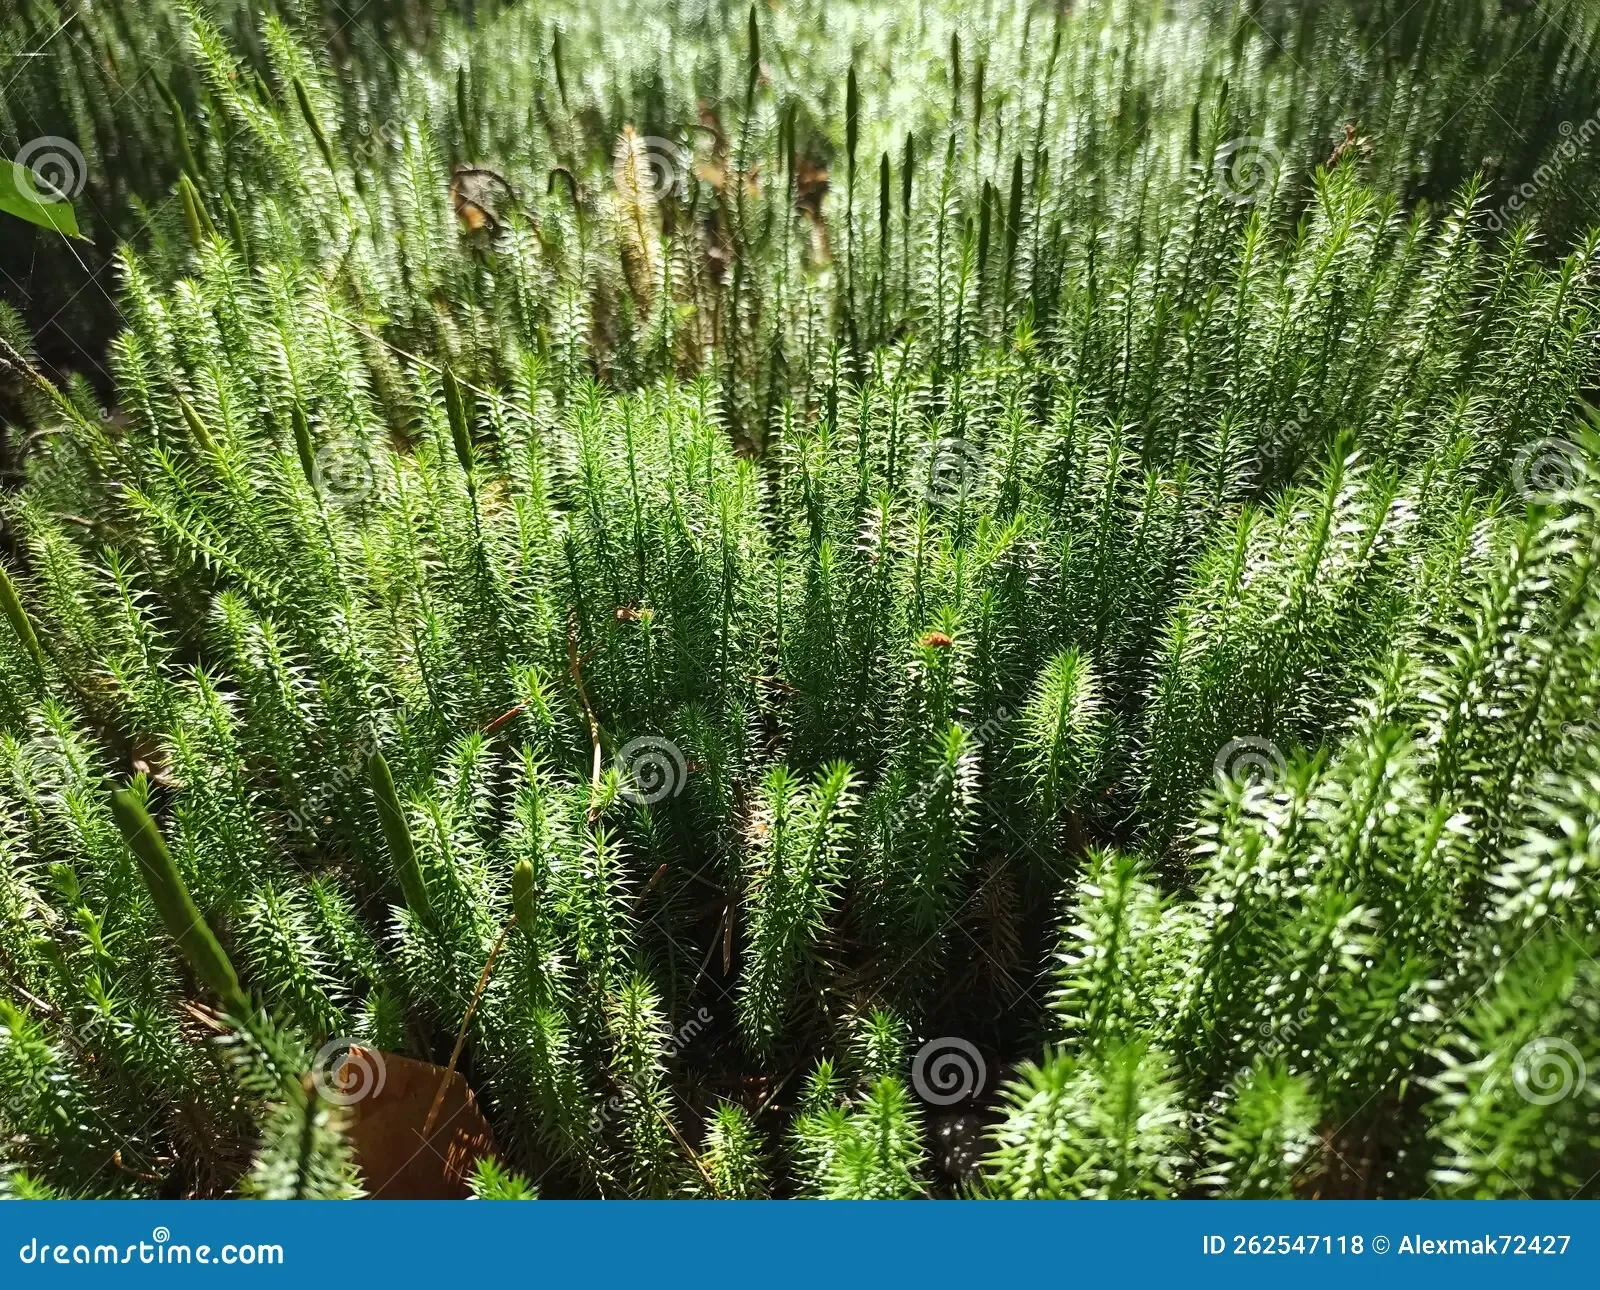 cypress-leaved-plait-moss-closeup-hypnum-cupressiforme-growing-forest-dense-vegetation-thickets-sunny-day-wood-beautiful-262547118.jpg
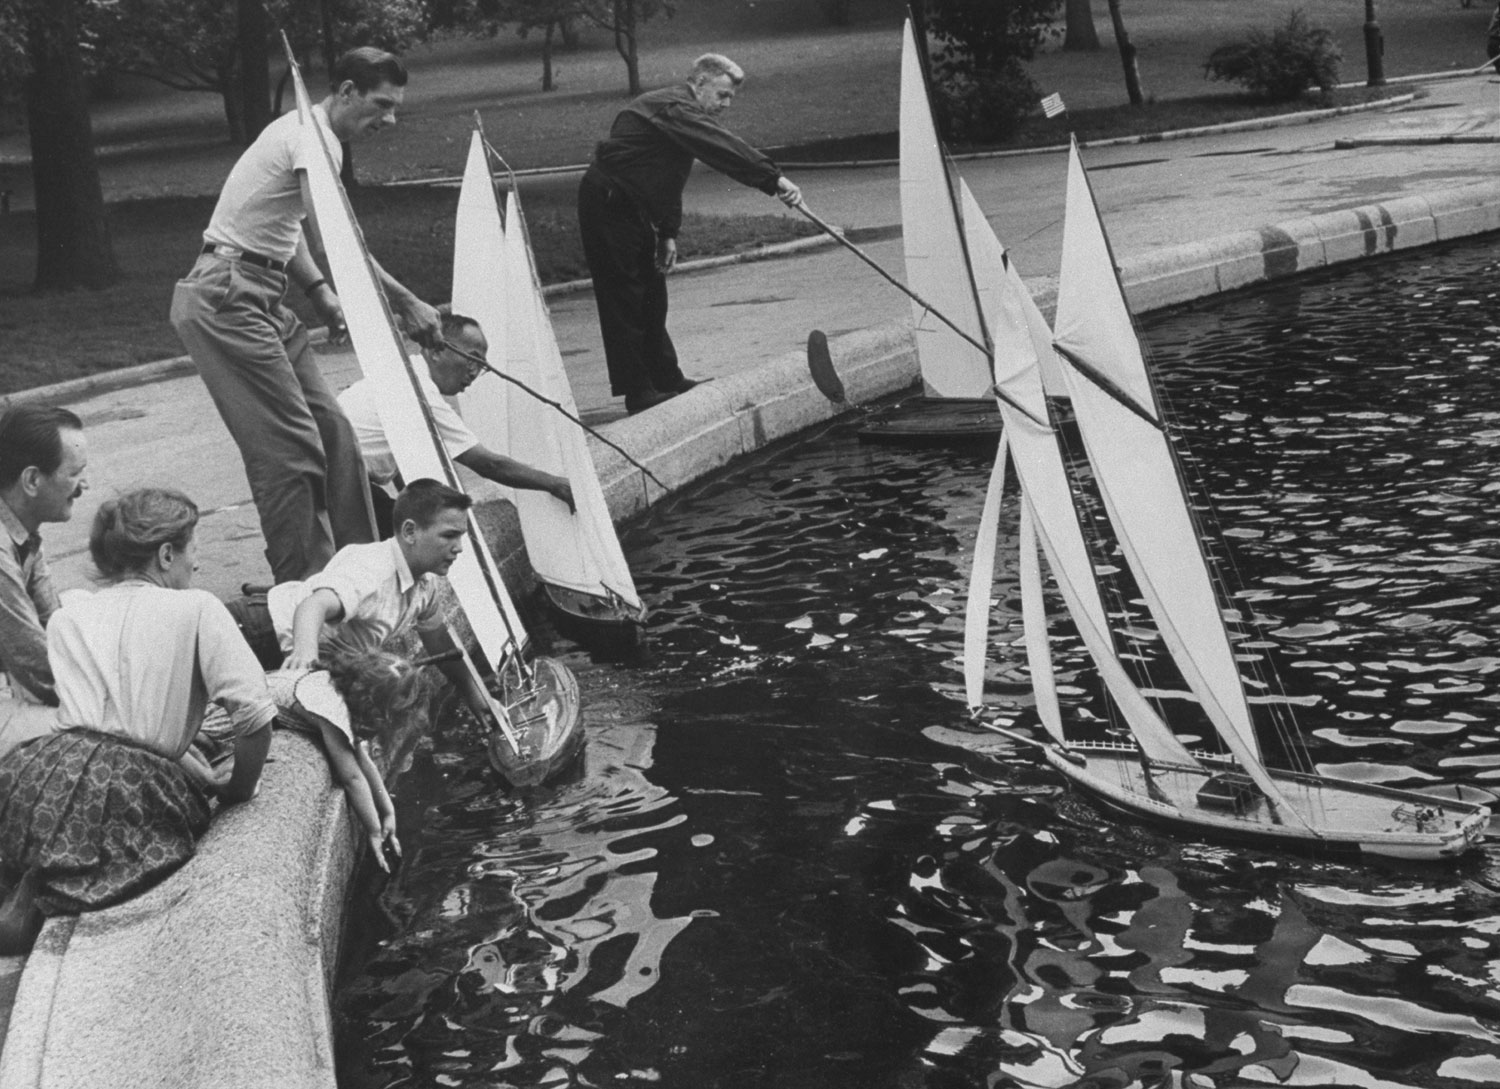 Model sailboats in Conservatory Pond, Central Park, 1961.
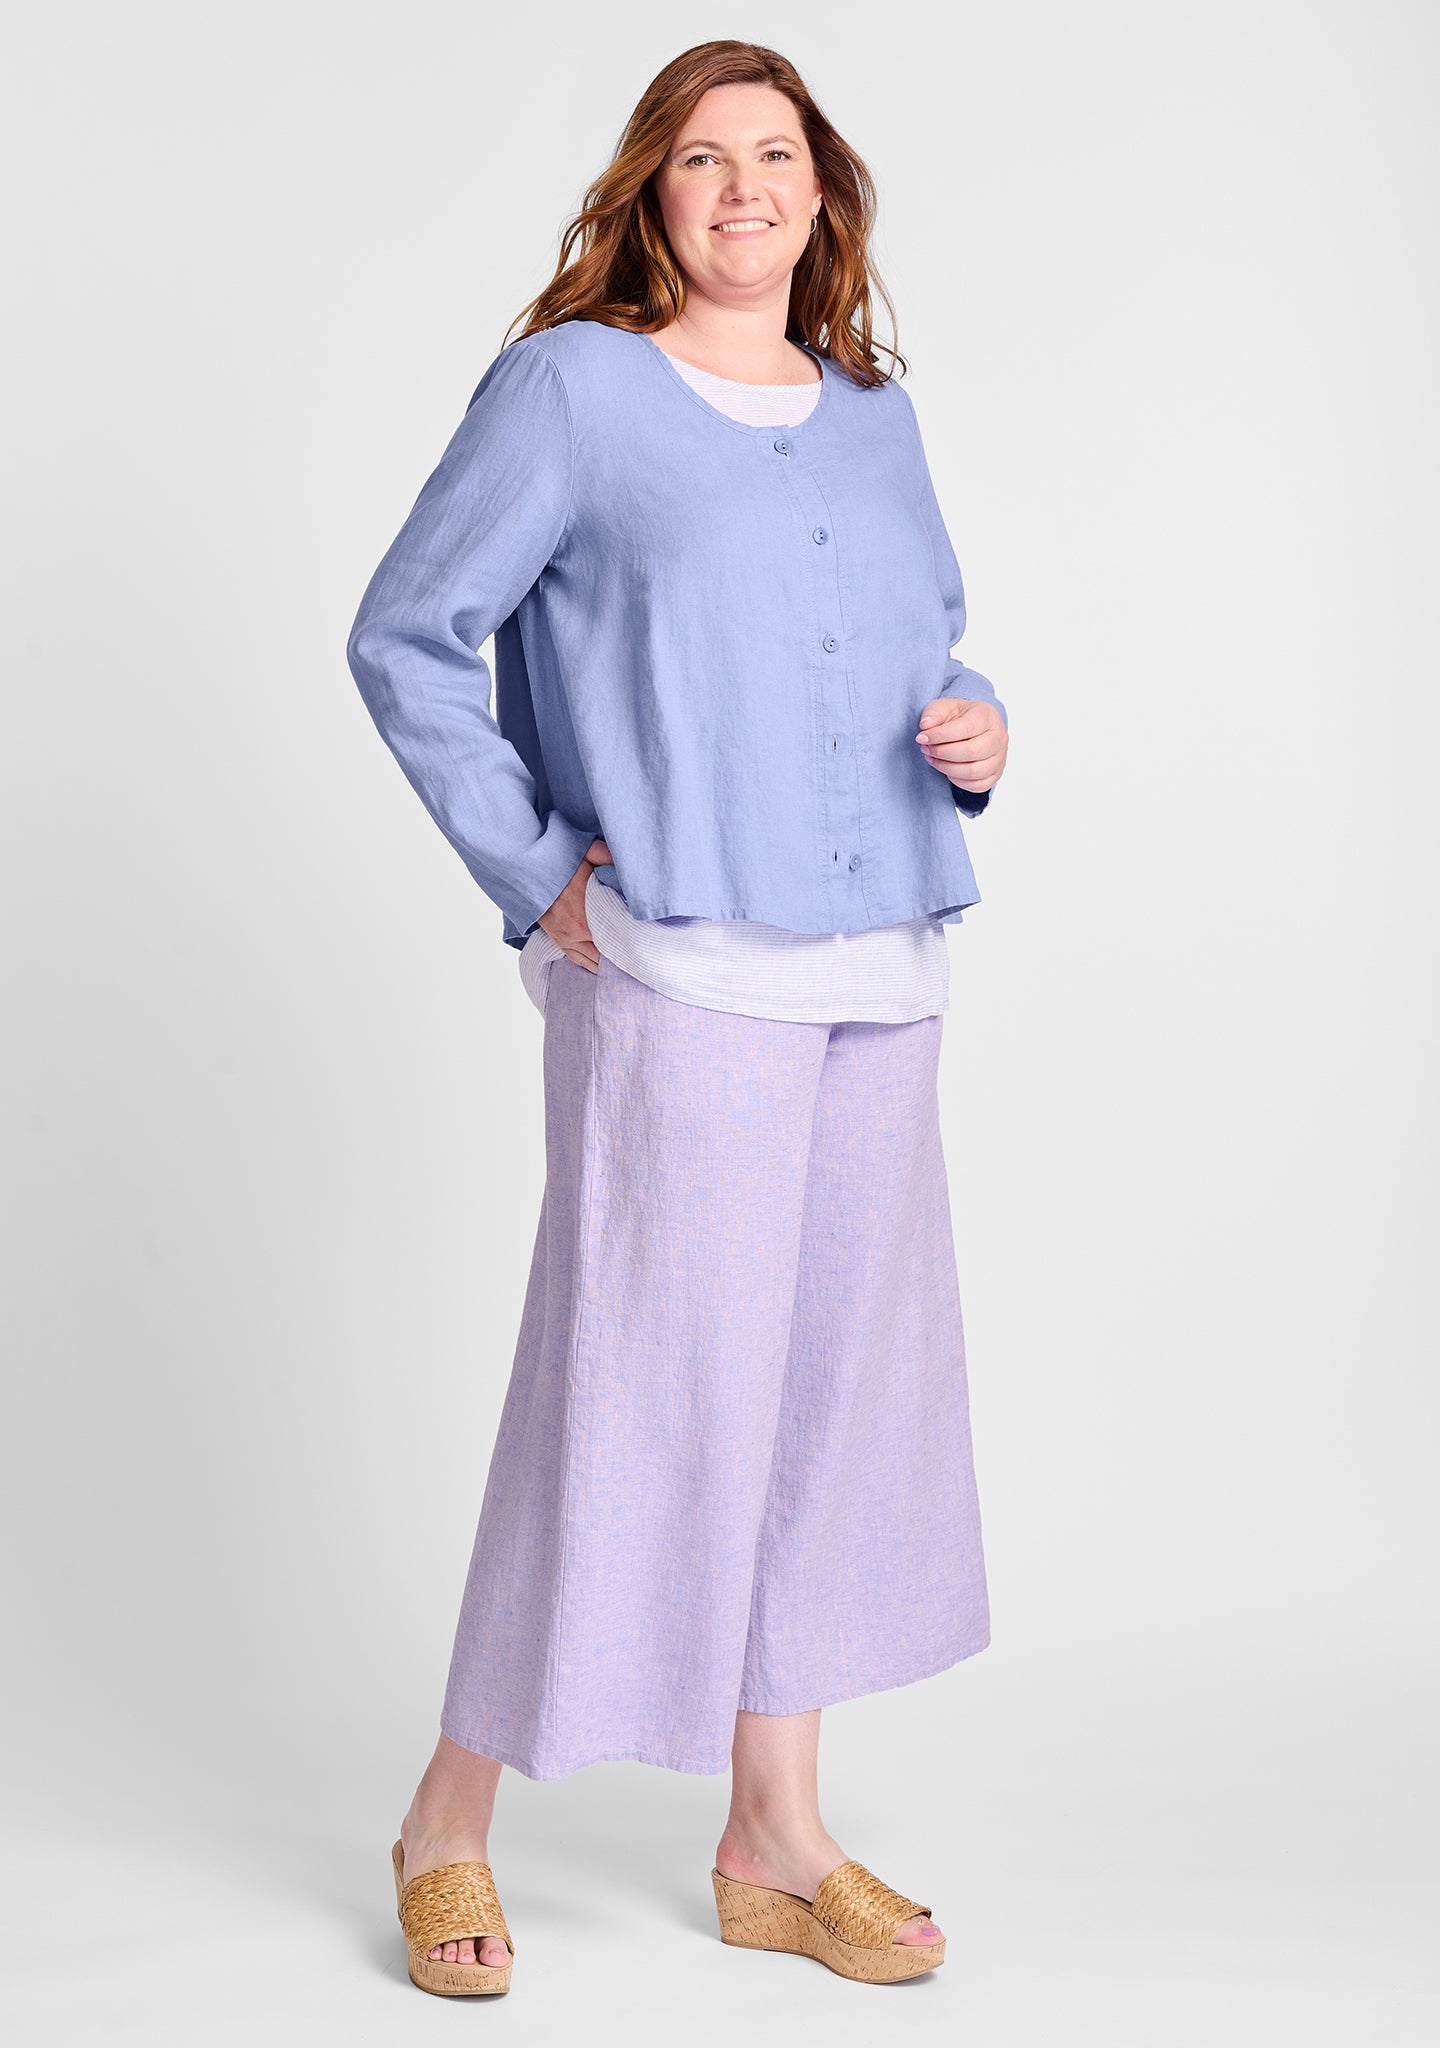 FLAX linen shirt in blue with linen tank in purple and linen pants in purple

::::::::::

- **WORK INSTRUCTION**
Word for word, write out the full listing, leaving the pictures aside.

- **RESULT FOR THIS EXERCISE**
 cypress-leaved-plait-moss-closeup-hypnum-cupressiforme-growing-forest-dense-vegetation-thickets-sunny-day-wood-beautiful-262547118.jpg
 Model sailboats in Conservatory Pond, Central Park, 1961.
 FLAX linen shirt in blue with linen tank in purple and linen pants in purple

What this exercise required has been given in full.